Irritable bowel syndrome (IBS)

Irritable bowel syndrome (IBS) is a gastrointestinal disorder causing cramping, abdominal pain, bloating, gas, diarrhea and constipation that is influenced by diet, lifestyle and stress [31]. Unlike IBD, IBS is not associated with overt inflammation or damage to intestinal tissues. However, a subset of IBS patients experiences visceral hypersensitivity, which is a lowered threshold for pain in the abdominal area. Although alterations in bacterial communities in IBS have been investigated, the potential role for fungi in IBS remains largely unexplored [32]. A provocative recent study now sheds light on fungal dysbiosis in IBS patients and how changes in the mycobiome may mediate visceral hypersensitivity [33]. The fecal mycobiome was compared amongst IBS patients that were categorized into hypersensitive and normally sensitive groups. Analysis of these groups revealed that the hypersensitive IBS patients have a different mycobiota compared to the normally-sensitive IBS patients. Utilizing a rat model of stress-induced IBS-like visceral hypersensitivity, the authors observed that treatment with an antifungal drug, high doses of soluble β-glucan (thought to inhibit the fungal β-glucan receptor Dectin-1), or a pharmacological Syk inhibitor (also aimed at inhibiting Dectin-1 signaling) could block development of visceral hypersensitivity. Additionally, gavage of cecum content from hypersensitive rats was able to restore visceral hypersensitivity in fungicide-treated recipient rats. Visceral hypersensitivity has been previously linked to mast cell degranulation [34], and the authors documented that particulate β-glucans (which can activate Dectin-1), can trigger histamine release from gut mucosal mast cells (Fig. 2). If this mechanism truly contributes to IBS visceral hypersensitivity, it will be important to understand how fungal antigens make their way from the gut lumen to mast cells in the mesentery and if activation of other antifungal immune receptors similarly affect development of visceral hypersensitivity.

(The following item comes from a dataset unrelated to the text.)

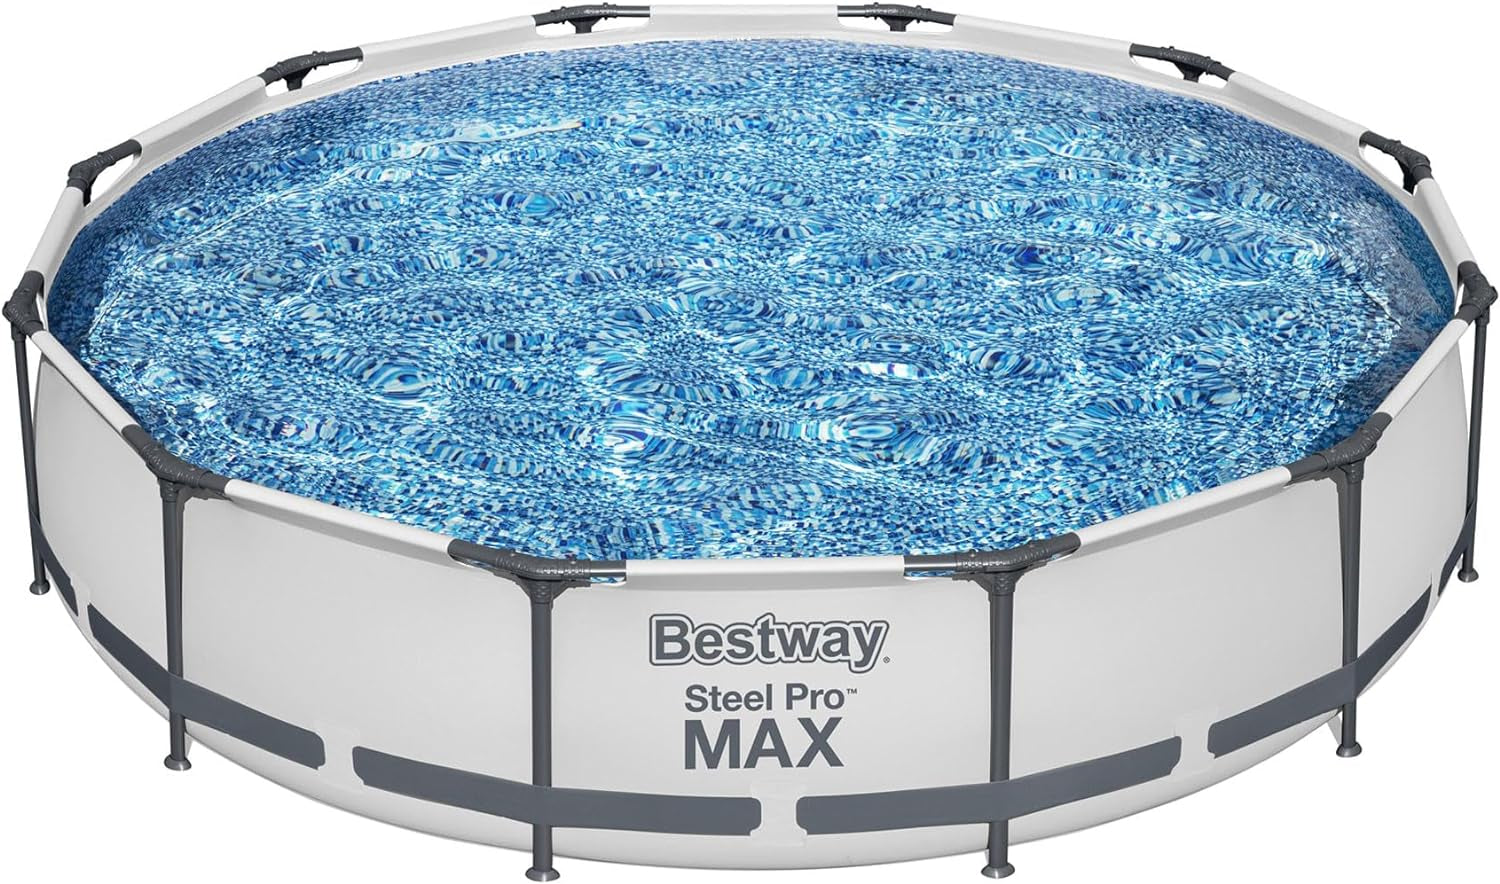 Steel Pro MAX above Ground Swimming Pool (12' X 30") | round Outdoor Backyard Family Pool | Includes 530 GPH Pump and Repair Patch Kit

Fungal influence on metabolites in the gut

Commensal fungi may directly or indirectly regulate gut homeostasis in many ways, and one recent hypothesis is that commensal fungi may influence the availability of specific biologically important metabolites [35]. Saccharomyces, commonly found in many foods, is a part of commensal fungi in the gut and is generally non-pathogenic in healthy individuals. However, even commensal fungi have detrimental effects if the relative burden is increased during fungal dysbiosis. Round and coworkers noted that intestinal S. cerevisiae could exacerbate colitis in mouse 2,4,6-trinitrobenzenesulfonic acid (TNBS) and DSS models, and they noted that monocolonization of germ-free mice with S. cerevisiae caused epithelial cells to produce increased levels of uric acid, promoting disruption of the intestinal barrier and increasing intestinal permeability [35] (Fig. 2). Uric acid was also produced during the S. cerevisiae-exacerbated disease in wild-type animals, and pharmacological inhibition of uric acid production ameliorated disease. Further, the investigators noted that uric acid and ASCA were positively correlated in human IBD patient sera. This and other fungal-influenced metabolite production may be good targets for clinical intervention in disease in the future.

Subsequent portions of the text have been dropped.